Existing theoretical analyses of structured state-space models (SSMs) rely on intricate continuous-time modeling and subsequent discretization, obscuring intuitive understanding and limiting design flexibility. Method: This paper introduces a discrete-time geometric SSM construction framework grounded in the lag operator. Deriving state recurrences directly from first principles, it unifies the state transition matrix as a single inner product—bypassing continuous modeling and discretization entirely. By integrating orthogonal basis function expansions with a generic time-warping mechanism, the approach enables modular, interpretable, and adaptable SSM design. Contribution/Results: The framework rigorously reproduces the HiPPO recurrence relations from geometric principles. Numerical experiments confirm its correctness and stability. This work establishes the first purely discrete, geometry-driven SSM construction paradigm based on operator theory—yielding an extensible design toolkit and a novel family of SSMs with principled architectural control.

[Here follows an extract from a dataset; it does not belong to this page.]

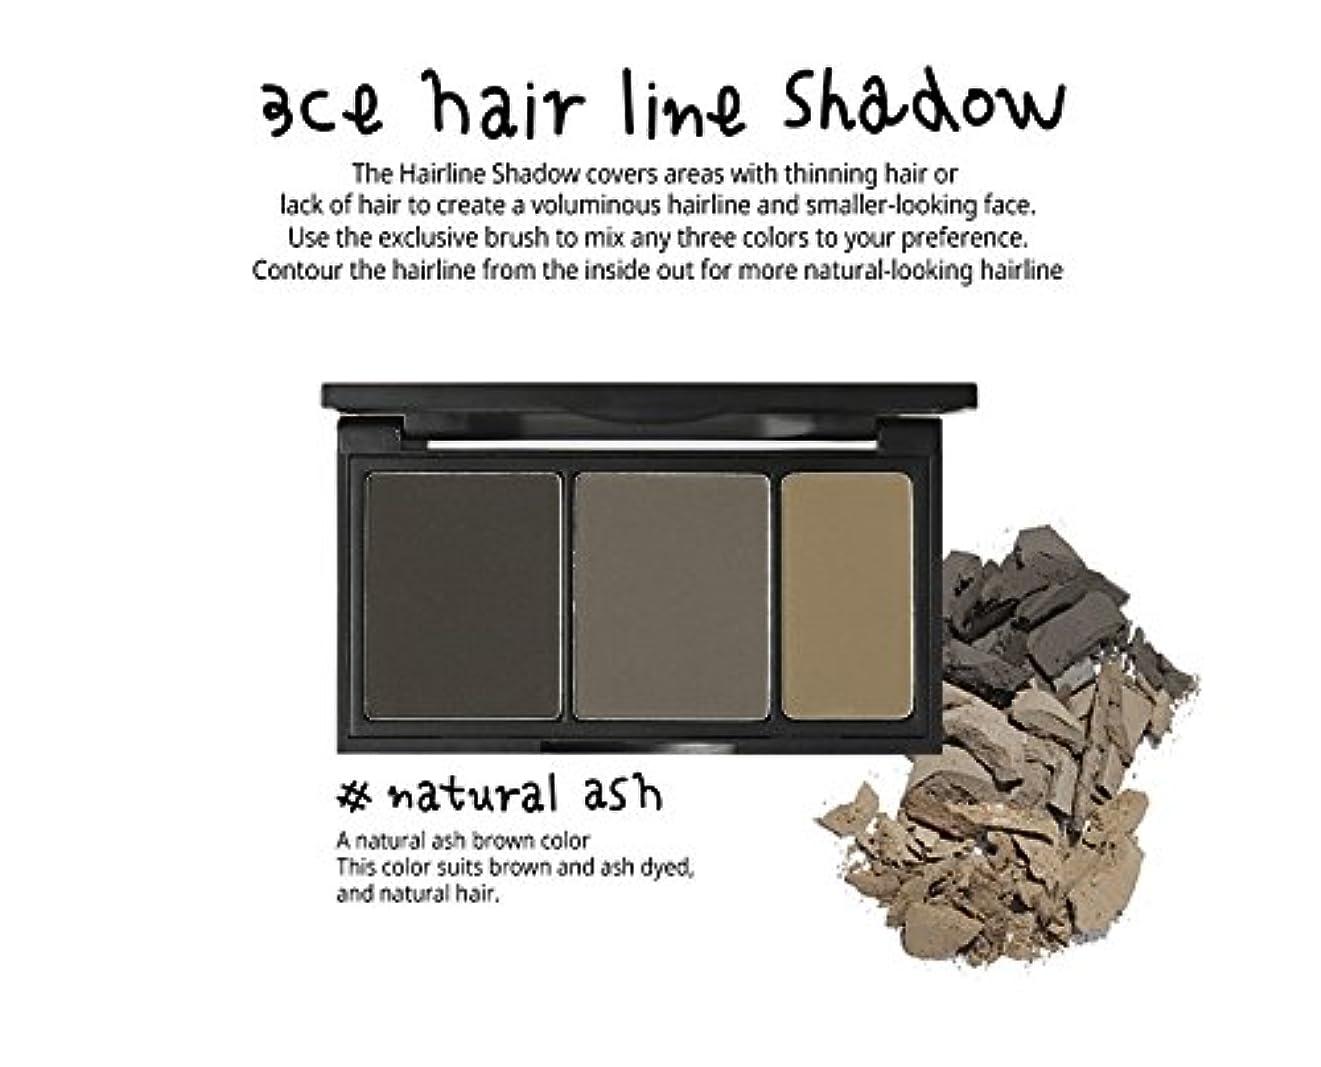 ピンスタック家事3 Concept Eyes 3CE Hair Line Shadow ヘアラインシャドー(Natural Ash)

Structured State Space Models (SSMs), which are at the heart of the recently popular Mamba architecture, are powerful tools for sequence modeling. However, their theoretical foundation relies on a complex, multi-stage process of continuous-time modeling and subsequent discretization, which can obscure intuition. We introduce a direct, first-principles framework for constructing discrete-time SSMs that is both flexible and modular. Our approach is based on a novel lag operator, which geometrically derives the discrete-time recurrence by measuring how the system's basis functions "slide" and change from one timestep to the next. The resulting state matrices are computed via a single inner product involving this operator, offering a modular design space for creating novel SSMs by flexibly combining different basis functions and time-warping schemes. To validate our approach, we demonstrate that a specific instance exactly recovers the recurrence of the influential HiPPO model. Numerical simulations confirm our derivation, providing new theoretical tools for designing flexible and robust sequence models.